21.13.2.3.2. Changing the Workflow on a Machine

Changing a Workflow on the Machine has the following effects:

  • The Stages in the Workflow are expanded to create a new Tasks list. Each Stage gets expanded into a List as follows:

    • stage:<stageName>

    • bootenv:<bootEnvName> if the Stage specifies a non-empty BootEnv.

    • The Tasks list in the Stage

    The Tasks list on the Machine are replaced with the results of the above expansion.

  • The CurrentTask index is set directly to -1.

  • The Stage and BootEnv fields become read-only from the API. Instead, they will change in accordance with any stage: and bootenv: elements in the Task list resulting from expanding the Stages in the Workflow. Any Stage changes that happen during processing a Workflow do not affect the Tasks list or the CurrentTask index.

  • The Context field on the Machine is set to the value of the BaseContext Meta field on the Machine, or the empty string if that Meta field does not exist on the Machine.

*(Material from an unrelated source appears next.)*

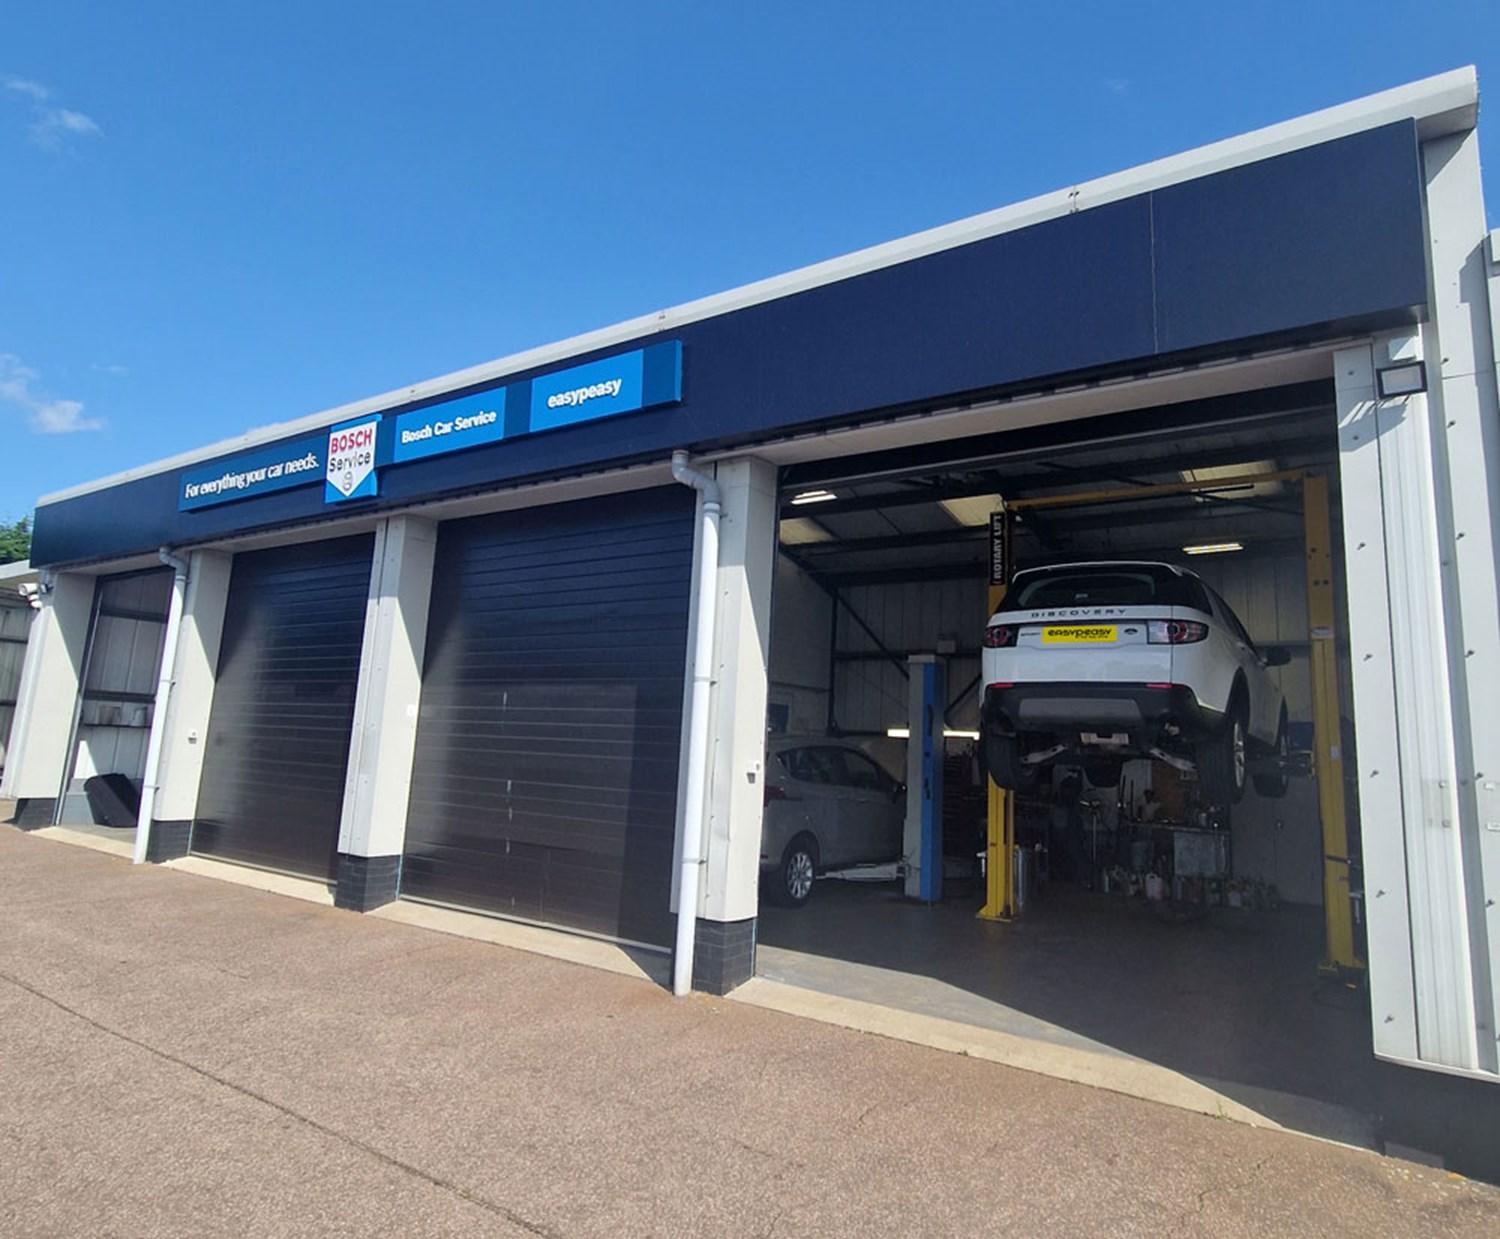 Exterior view of our state-of-the-art car mot centre located at easypeasy Bosch Norwich. Expert technicians and modern facilities ensure top-quality automotive care for your vehicle.

21.13.2.3.3. Removing a Workflow from a Machine

To remove a workflow from a Machine, set the Workflow field to the empty string. The Stage field on the Machine is set to none, the Tasks list is emptied, the CurrentTask index is set back to -1, and the Context field on the Machine is set to the value of the BaseContext Meta field on the Machine, or the empty string if that Meta field does not exist on the Machine.

21.13.2.3.4. Changing the Stage on a Machine

Changing a Stage on a Machine has the folowing effects when done via the API and the Machine does not have a Workflow:

  • The Tasks list on the Machine is replaced by the Tasks list on the Stage.

  • If the BootEnv field on the Stage is not empty, it replaces the BootEnv on the Machine.

  • The CurrentTask index is set to -1

  • If the Machine has a different BootEnv now, it is marked as not Runnable.

  • The Context field on the Machine is set to the value of the BaseContext Meta field on the Machine, or the empty string if that Meta field does not exist on the Machine.

21.13.2.3.5. Resetting the CurrentTask index to -1

If the Machine does not have a Workflow, the CurrentTask index is simply set to -1. Otherwise. it is set to the most recent entry that would not occur in a different BootEnv from the machine’s current BootEnv. In both cases, the Context field on the Machine is reset appropriately for the Task position.